Fugas - vinhos

Joana Bourgard

Cornifesto, a Baga do Douro

Por Pedro Garcias

Já ouviu falar em Cornifesto? Prepare-se: mais cedo ou mais tarde, é provável que nos rótulos de muitas garrafas de vinho tinto comece a surgir o nome desta casta.

A variedade está quase em extinção, passando pelo mesmo processo de abandono que, na década de 70 do século passado, quase levou ao desaparecimento da Touriga Nacional, hoje convertida na casta bandeira portuguesa. Mas algumas empresas do Douro, região onde o Cornifesto é comum no encepamento das vinhas velhas, têm vindo a replantá-la e a testar o seu potencial enológico - e os resultados são promissores.

Uma dessas empresas é a Real Companhia Velha, que, recentemente, realizou uma prova didáctica de 18 castas brancas e sete tintas, todas em produção nas quintas da Granja e do Cidrô. E um dos vinhos que mais surpreendeu foi precisamente um tinto de Cornifesto, da colheita de 2011. Trata-se de uma casta que produz um cacho médio e compacto, de bago negro e película grossa. O vinho é potente e algo rústico, quase selvagem. Talvez seja o mais parecido do Douro com a Baga da Bairrada, que também não é uma variedade fácil de domesticar mas que origina vinhos formidáveis e cheios de carácter. Cornifesto, a Baga do Douro? Quem sabe se este não será um dos próximos spots do vinho português!

Outra casta que pode começar a renascer é a Malvasia Preta, apesar de mostrar algum desequilíbrio nos taninos. Mas tem potencial, embora não tanto como o Rufete (a Tinta Pinheira do Dão), por exemplo, que origina vinhos de gosto muito actual: leves, vivos e cheios de fruta silvestre.

Nas variedades brancas, havia alguma expectativa sobre o valor da Touriga Franca, dada a natureza dos seus cachos, pequenos e compactos, quase sempre associados a vinhos de qualidade (a Touriga Nacional e o Viosinho são bons exemplos).

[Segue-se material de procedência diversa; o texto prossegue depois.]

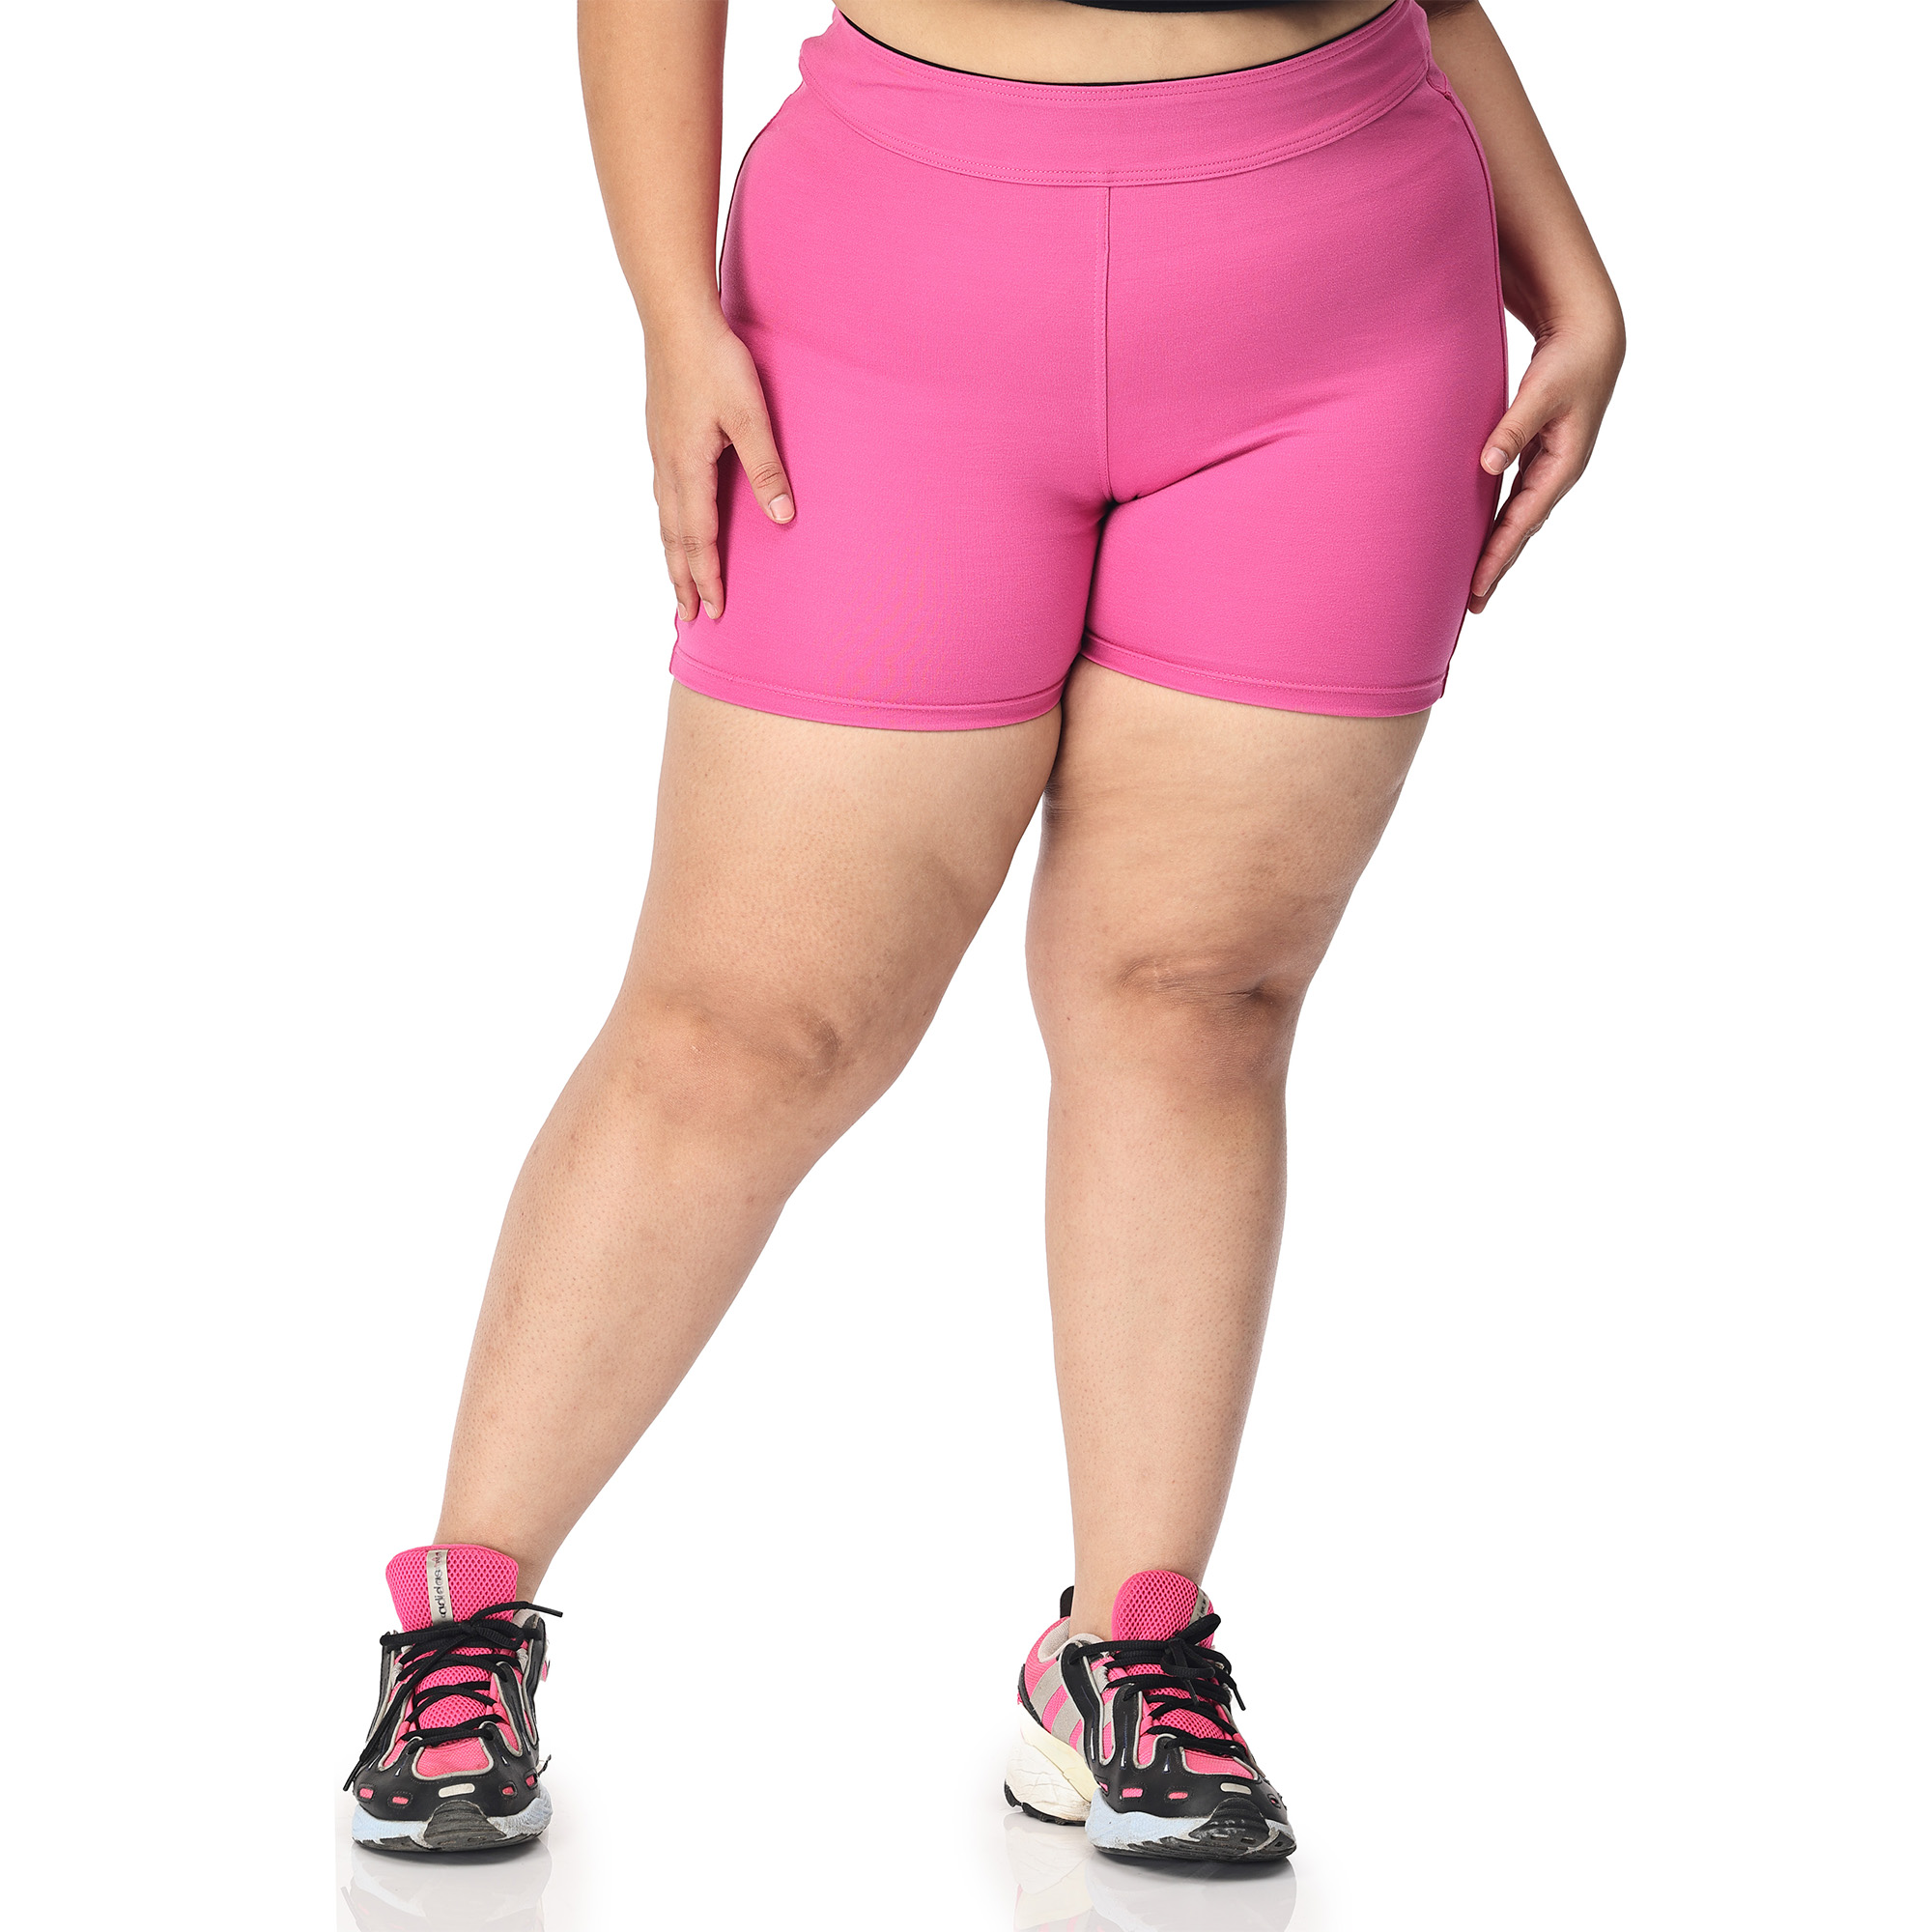 Pink shorts women - Plus size active shape wear - 2 back pockets
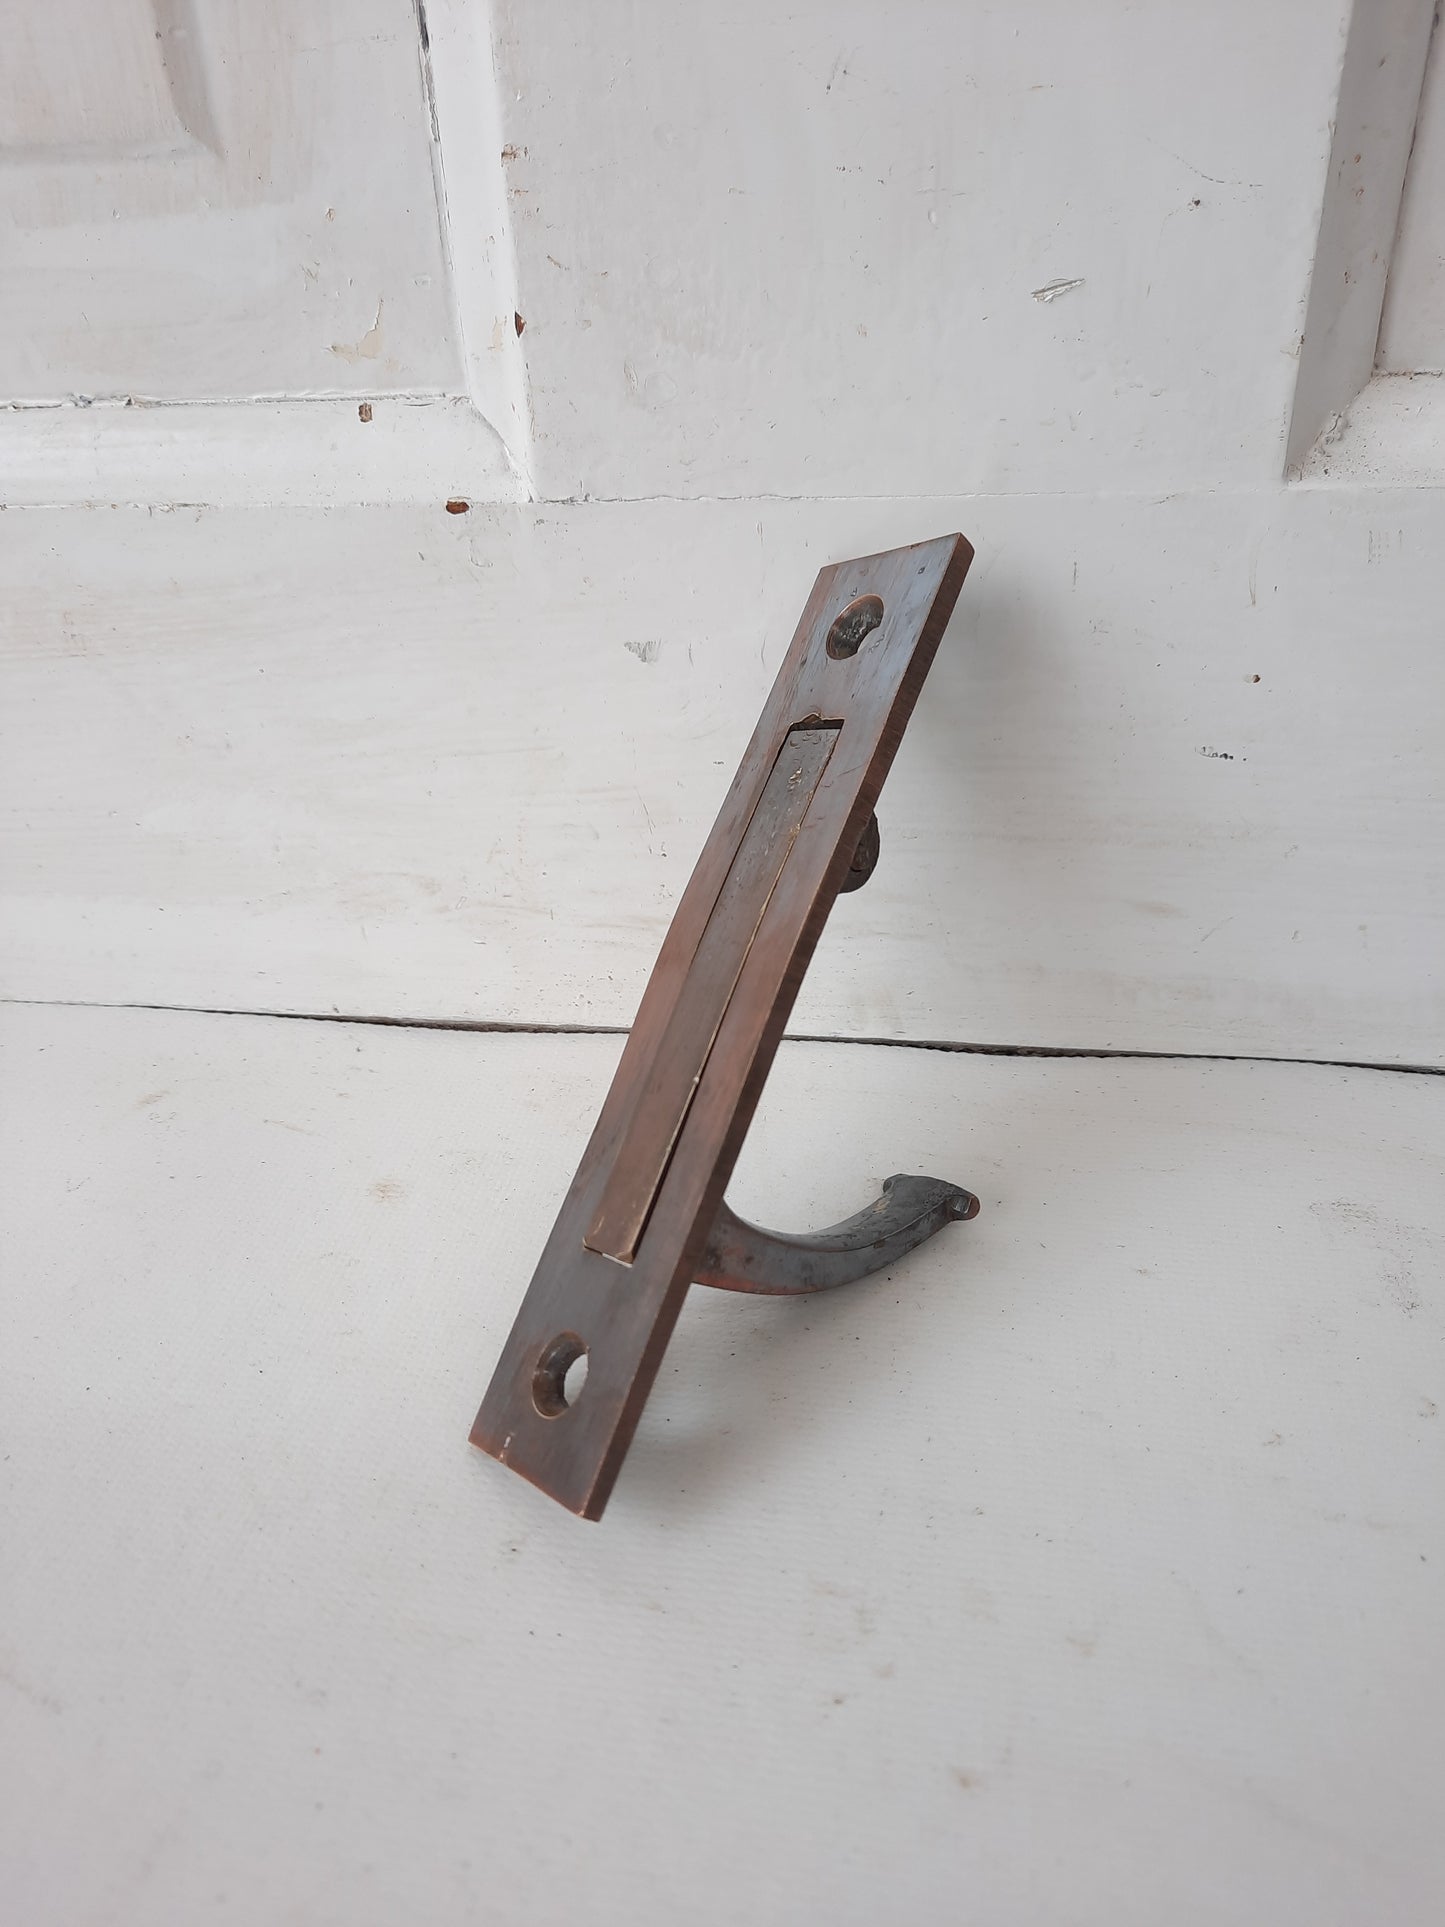 Antique Bronze Pocket Door Pop-Out Handle or Pull, Swing Out Sliding Door Pull Handle 013101

Mas o vinho provado mostrou-se sensorialmente muito neutro.

Em contrapartida, ficou mais uma vez demonstrado que o Viosinho talvez seja mesmo a casta branca mais completa do Douro. Se não for vindimado tarde, pode originar mostos frescos, encorpados e complexos. A prova mostrou também que o Rabigato é uma variedade bastante mineral que cresce muito com o estágio em garrafa; que, no Douro dos cumes, a Fernão Pires ganha uma acidez que a torna muito mais atractiva do que noutras regiões do país; que a Boal (a Sémillon francesa) é uma casta excelente e com grande aptidão para a produção de vinhos doces de colheita tardia; que a Cercial da Bairrada pode produzir no Douro vinhos muito frescos e aromaticamente expressivos (apesar de não ser uma variedade do agrado de Jorge Moreira, o enólogo principal da Real Companhia Velha); e que o Sauvignon Blanc e a Viognier, plantadas em cotas mais altas, ficam mais "velho mundo" e reflectem mais o terroir do que os seus caracteres típicos.

Também parece não haver dúvidas, pelas amostras provadas e por experiências anteriores, que as castas Arinto e Alvarinho podem atingir resultados surpreendentes nas zonas planálticas do Douro. A primeira dá origem a vinhos muito puros e com uma formidável acidez; a segunda produz vinhos frescos, complexos e impressivos. Mesmo quando os volumes alcoólicos sobem um pouco, os níveis de acidez de ambas as castas, em particular da primeira, continuam a ser elevados e absolutamente incomuns para a região.